Animal assisted therapy (AAT) is the use of certified therapy animals as a part of a therapeutic plan. The Delta Society
describes animal assisted therapy as a "significant part of treatment for many people who are physically, socially, emotionally or cognitively challenged." Those in hospitals or nursing homes often benefit from AAT, especially children and the elderly. While animals such as horses and cats can make excellent therapy animals, dogs are by far the most common type. Perhaps this is because of the unique bond
that canines and humans share. Therapy dogs truly make a difference in the lives of the people they meet.
History of Animal-Assisted Therapy:
Animals, especially dogs, have been assisting humans since the beginning of recorded history. They have helped us work and provided us with companionship and lifted our spirits. However, it was not until the 20th century that animals were officially recognized for their therapeutic abilities.
In 1976, Elaine Smith founded Therapy Dogs International, the first registry for therapy dogs in the US. One year later, the Delta Foundation (later named Delta Society) was formed to research the effects that animals have on people’s lives. Today, these groups, along with many others, help provide therapy animals to people in need of AAT.
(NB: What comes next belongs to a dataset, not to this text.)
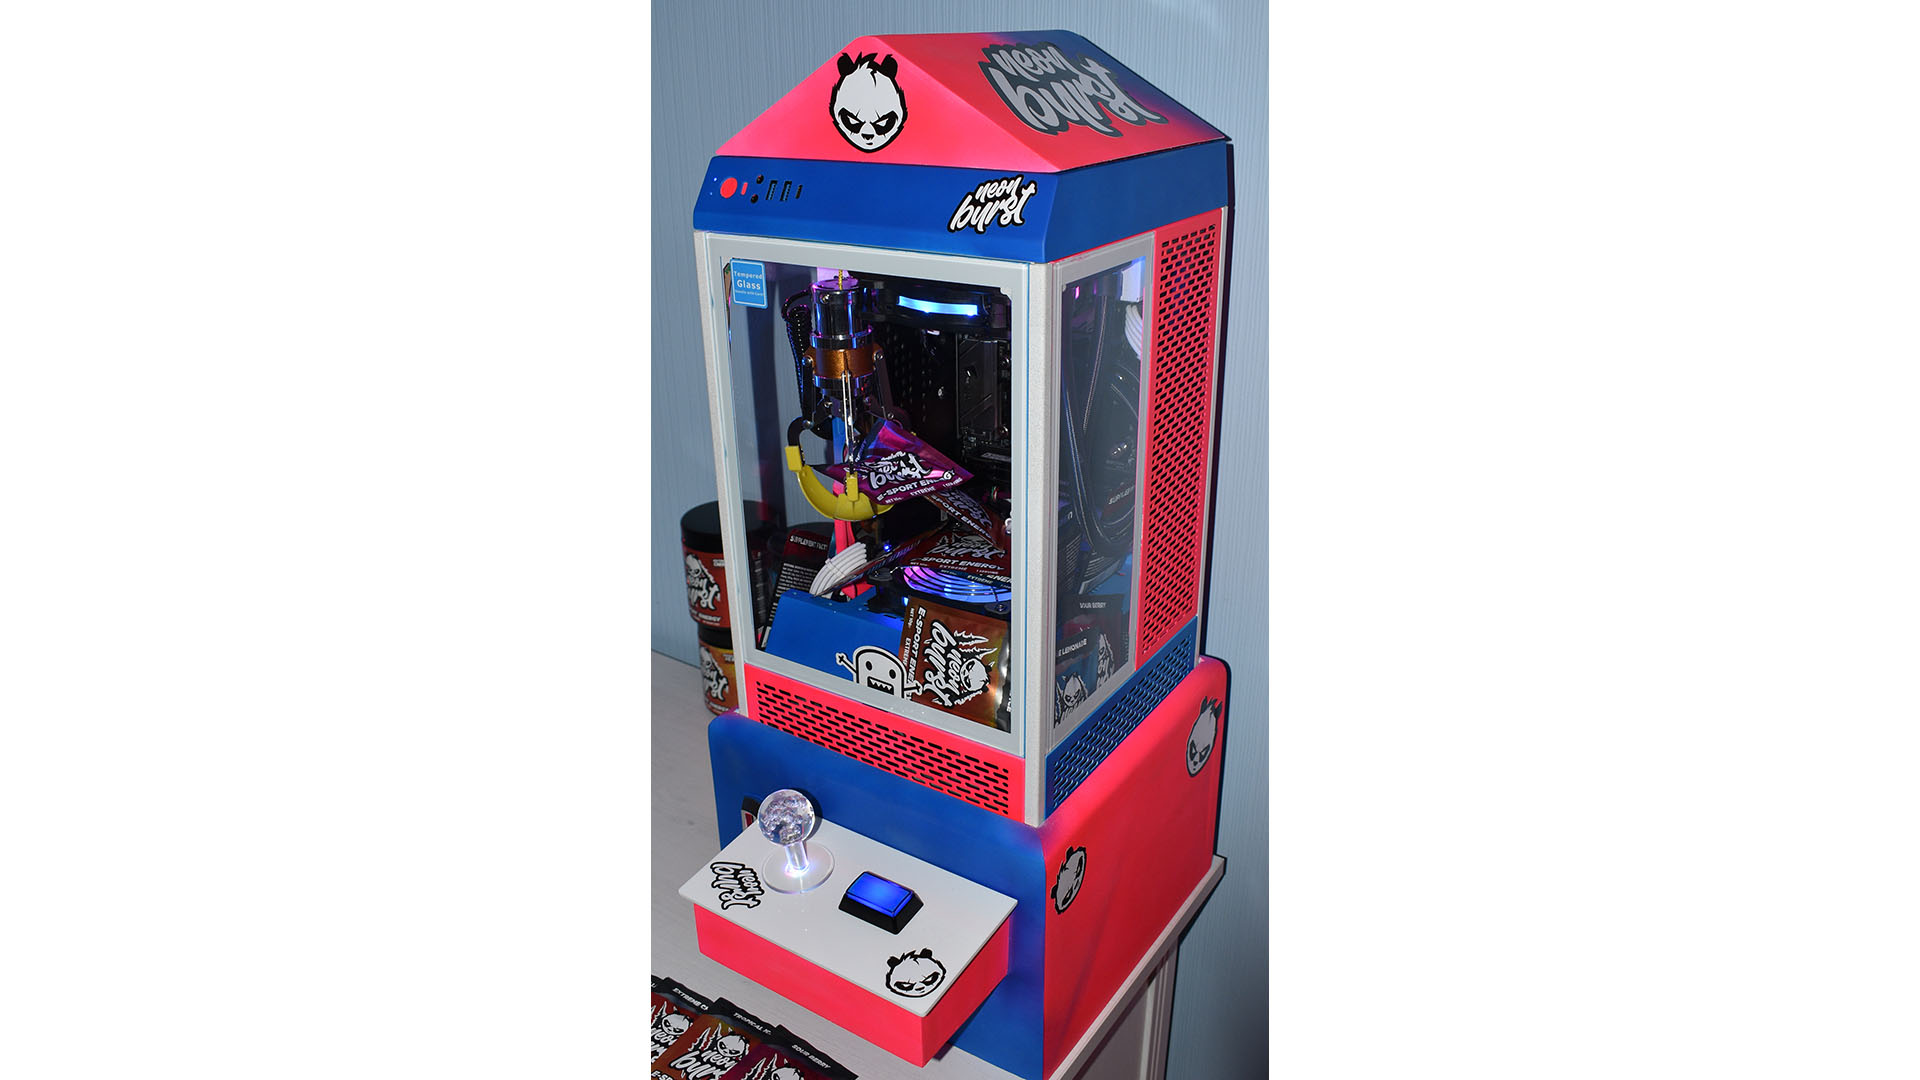 Le PC de jeu d'arcade griffe en bleu et rouge

How Therapy Dogs Make a Difference:
Animal assisted therapy teams consist of a certified therapy animal and a trained handler. Therapy teams visit hospitals, nursing homes, assisted living centers, children's homes and other similar facilities to help lift spirits and facilitate recovery. Therapy dogs visit with the sick and elderly, sometime simply sitting by the person's side and patiently being petted. AAT patients may walk therapy dogs, play with them, feed them or groom them. Some therapy dogs are trained to sit quietly and attentively while children read to them. Many therapy dogs have their own disabilities or limitations that serve as inspiration to humans with disabilities.
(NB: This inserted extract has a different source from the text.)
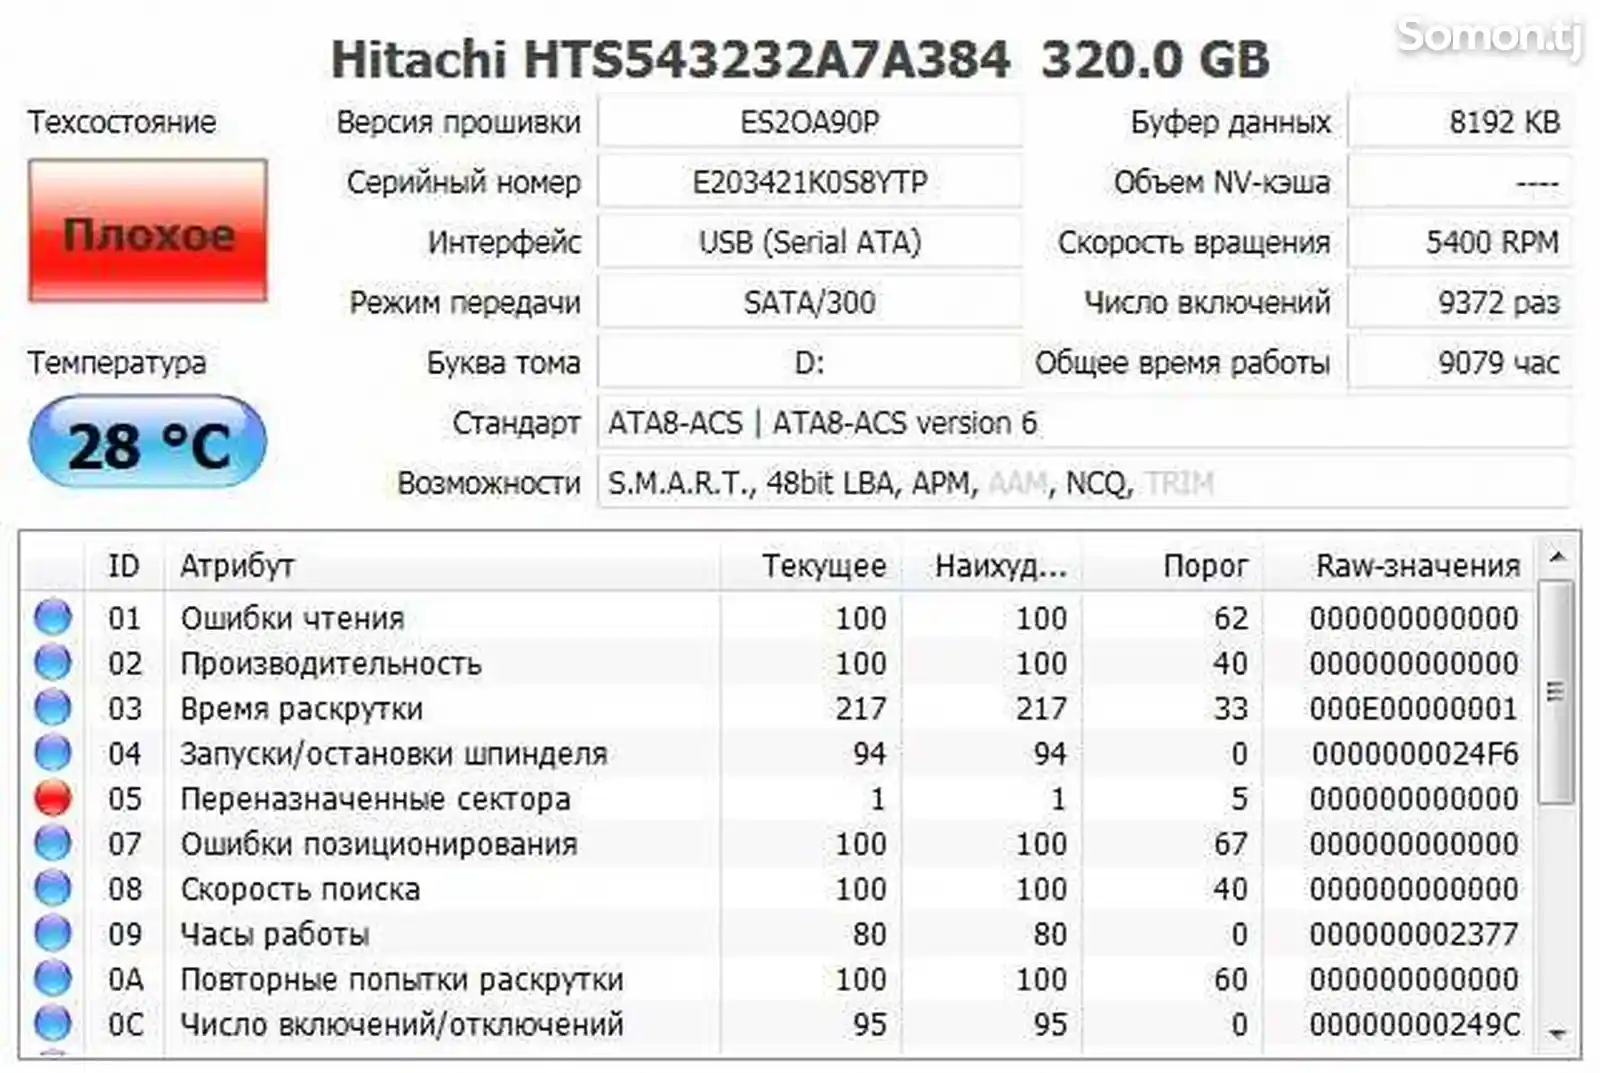 Жесткий диск 320 Gb Hitachi HTS543232A7A384 на запчасти-3

Qualities of an Ideal Therapy Dog:
Dogs of any breed, size or age may be eligible to become therapy dogs. However, not all dogs are cut out for the job. Therapy dog candidates must possess certain traits in order to qualify. Temperament is by far the most important factor. Before even entering a training program, the therapy dog candidate must be friendly and non-aggressive. The dog must get along remarkably well with children, men, women and other animals. The dog should also be confident, patient, calm, gentle and receptive to training. Socialization
is essential for all puppies, but it is especially important for a dog to be considered for a therapy program.
Becoming A Therapy Team:
Therapy dogs work with a dedicated handler. This is often, but not always, the dog's owner. If you want to become a therapy team with your dog, you must both complete thorough training. A great way to begin is to participate in the AKC Canine Good Citizen Program
(CGC). This certification shows that your dog is socialized, friendly and has adequate basic training. In fact, CGC certification is a prerequisite for many therapy dog programs.
The next step is to contact an official animal assisted therapy organization (like Delta Society or TDI). Each group has its own set of standards and required courses before a dog and handler can become a registered therapy team. Therapy dogs must also meet specific health requirements. Once the dog and handler complete all requirements, they must go through a final evaluation, or series of evaluations, to become official.
Once you and your dog become a therapy team, you can begin visiting facilities. Visits and schedules are typically arranged through your organization. Once you get out there and start making a difference, you'll be glad you took the time to go through the process. Being an animal assisted therapy team can be one of the most rewarding experiences of your life.